China plans to stick to its tight property sector policies and a nationwide rebound in home prices remains unlikely, a senior official at the housing ministry said in remarks published by the state media yesterday.
The comments underscore Beijing’s determination to keep a lid on rising home prices – a source of social discontent – especially in the run-up to a once-a-decade leadership transition this year.
To curb price rises, Beijing is urging the local authorities to increase housing supply and to strictly implement a policy aimed at restricting home purchases, said the People’s Daily, the ruling Communist Party’s official newspaper.
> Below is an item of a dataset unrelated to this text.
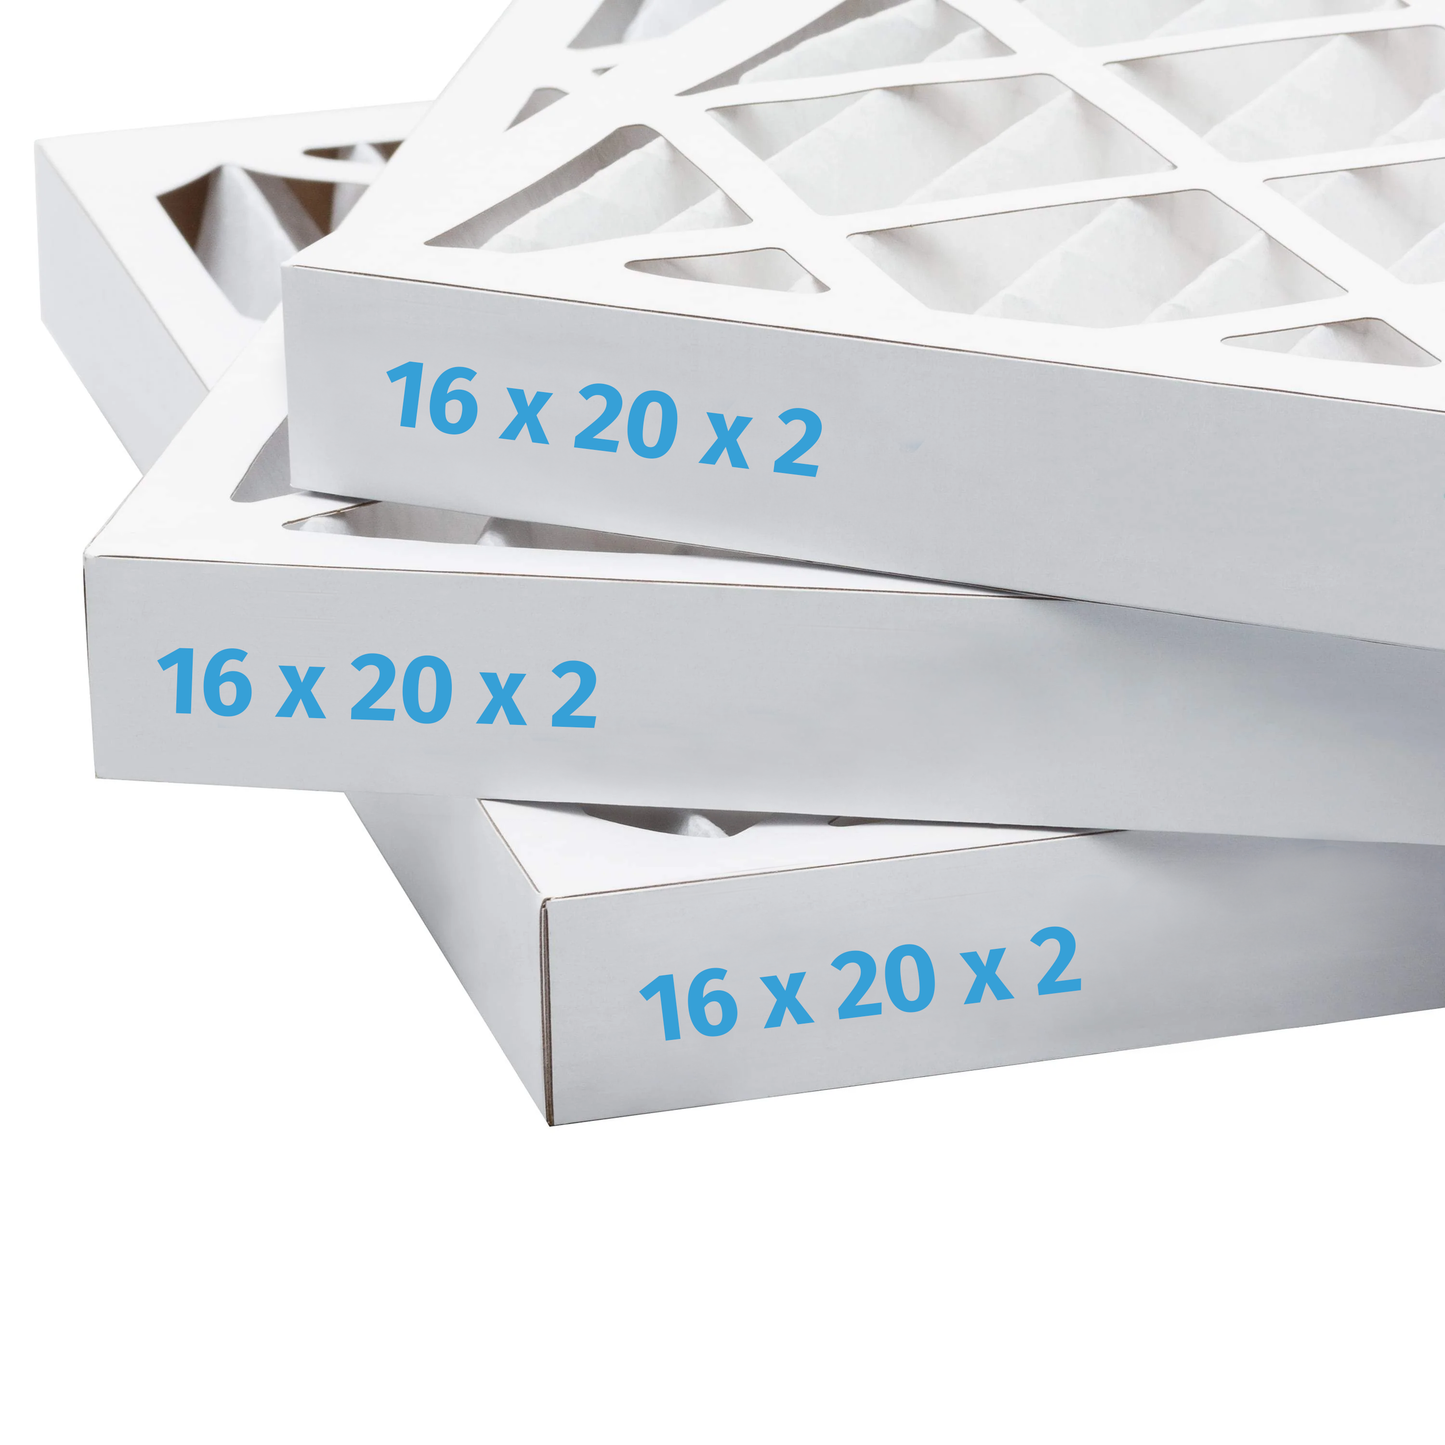 16x20x2 Air Filter - AC Furnace Filter

It quoted an unnamed official at the Ministry of Housing and Urban-Rural Development.
“With more affordable housing projects put into operation and market expectations kept stable, conditions do not exist for a full-scale rebound in house prices,” said the official.
The comments came amid new concerns that a new round of property inflation was in the offing, with data showing a pick-up in housing sales and rise in property prices following eight consecutive monthly declines.
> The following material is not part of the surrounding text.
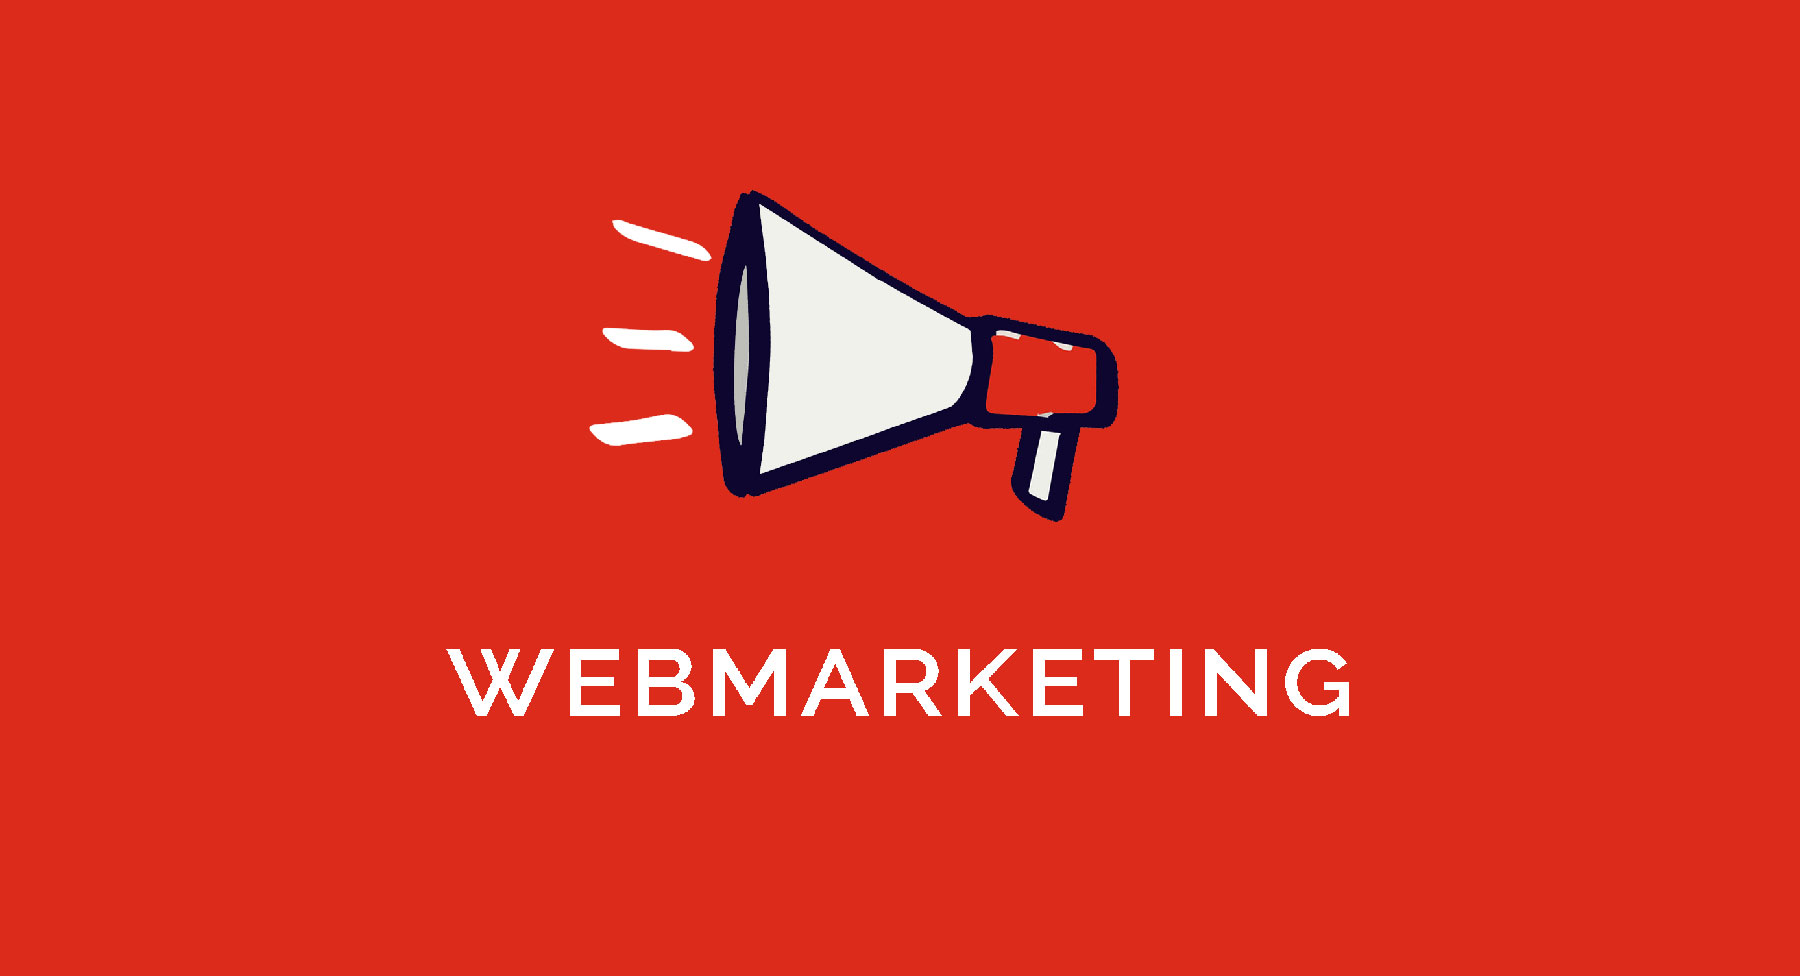 ¿Qué es el webmarketing? Definición, empleos, empresas y consejos

Latest figures showed that Chinese house prices rose 0.1 per cent last month from July, extending a modest price increase into a second straight month.
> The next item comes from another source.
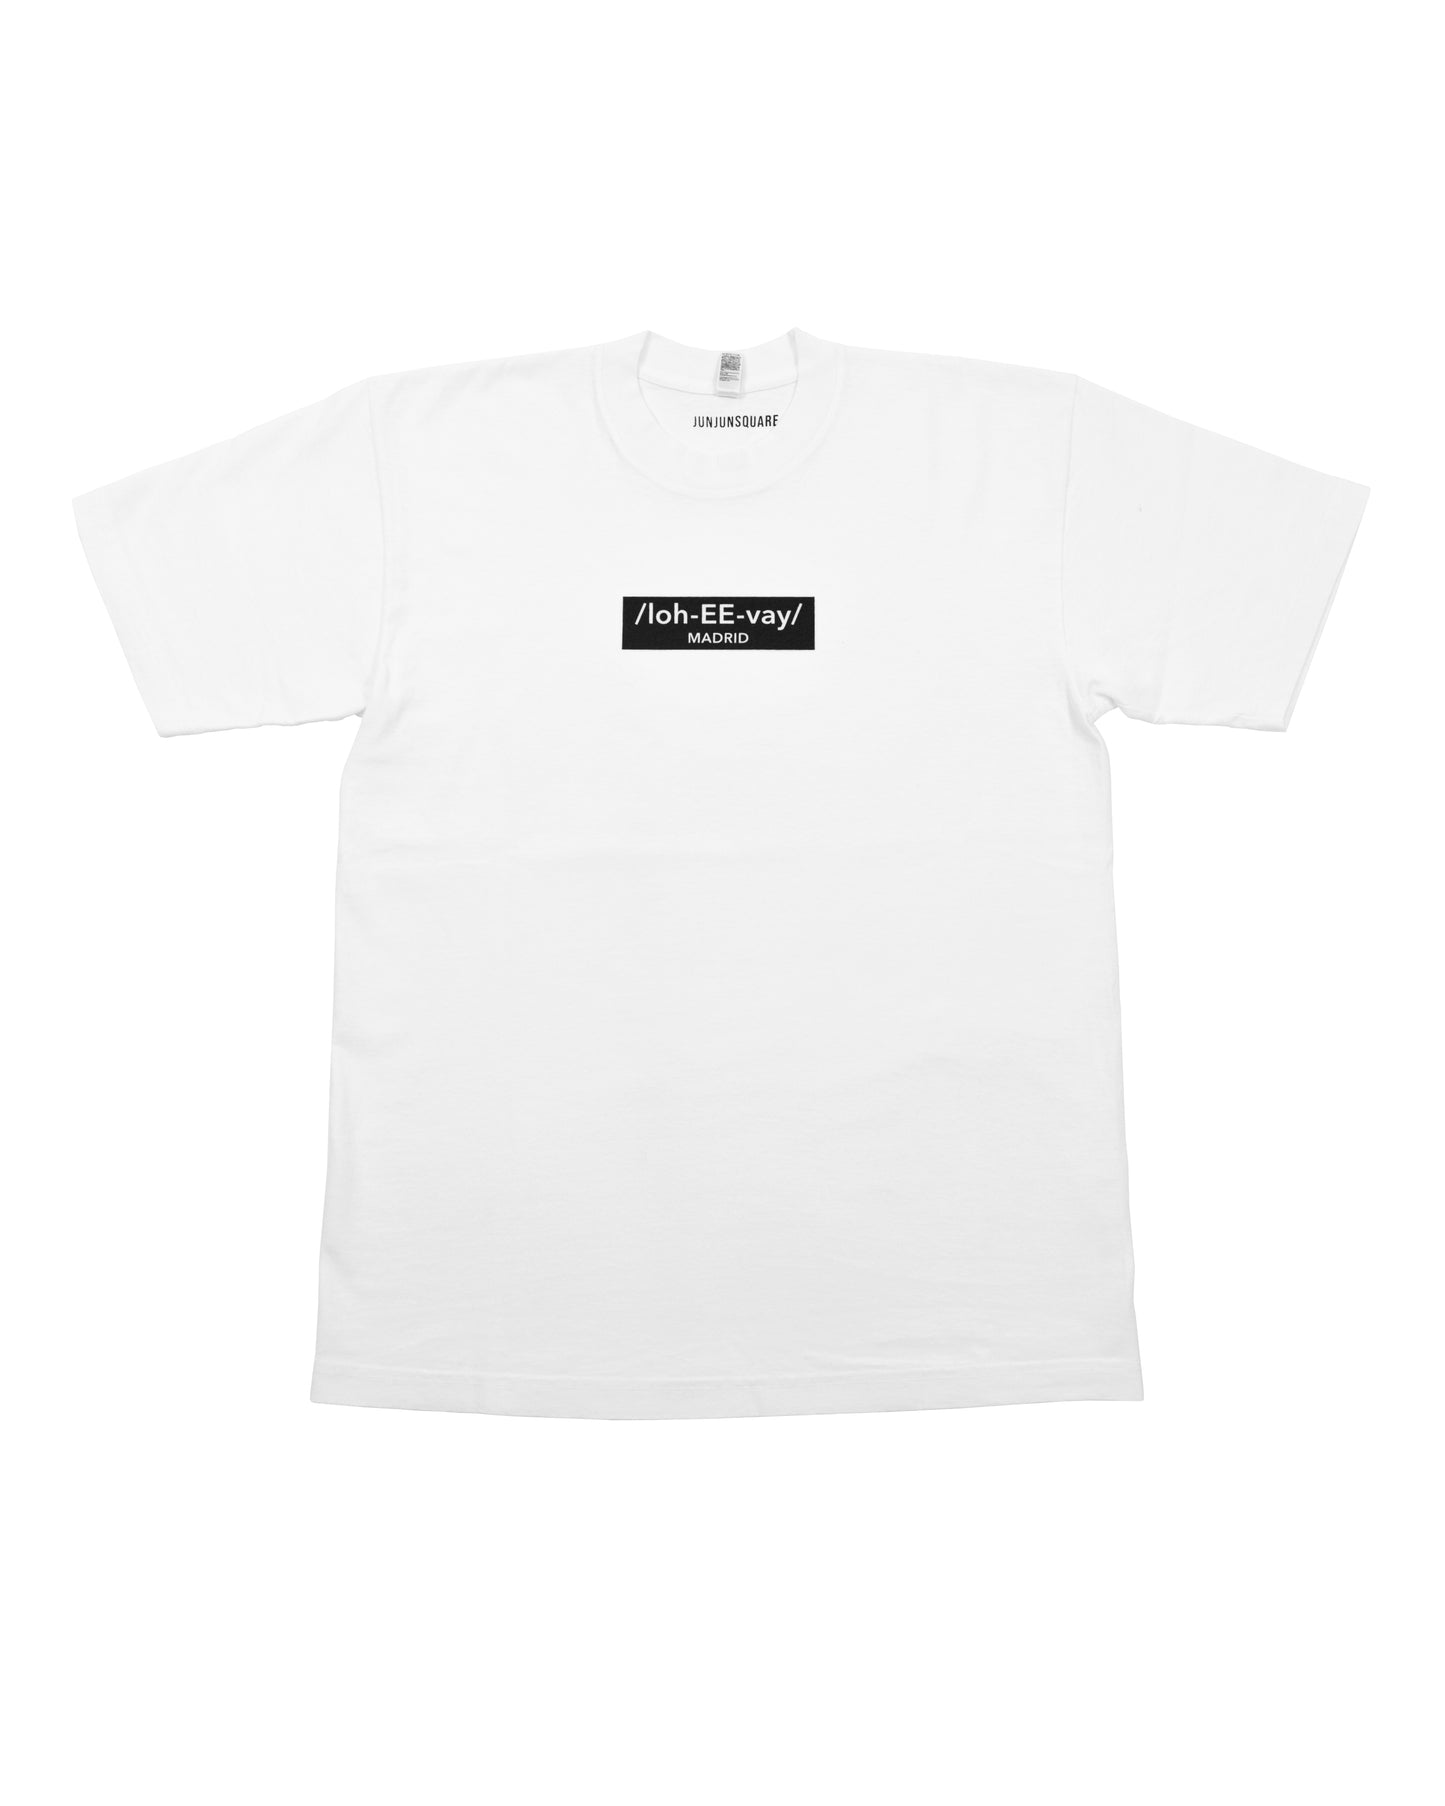 T-Shirt (lo-EE-vay)

Revenue from property sales in the country rose for the third month in a row last month from a year earlier, reinforcing signs of a recovery in the sector.
But the official played down worries about a rapid revival in the property market, saying the recent price increase was mainly a result of stronger real demand from first-time buyers rather than speculative demand from investors.
Officials have rejected calls to relax restrictions on the property market in order to bolster the economy, on course for its seventh straight quarterly slowdown over the July-September period.
Full-year growth for this year is likely to fall to 7.7 per cent, the weakest showing since 1999.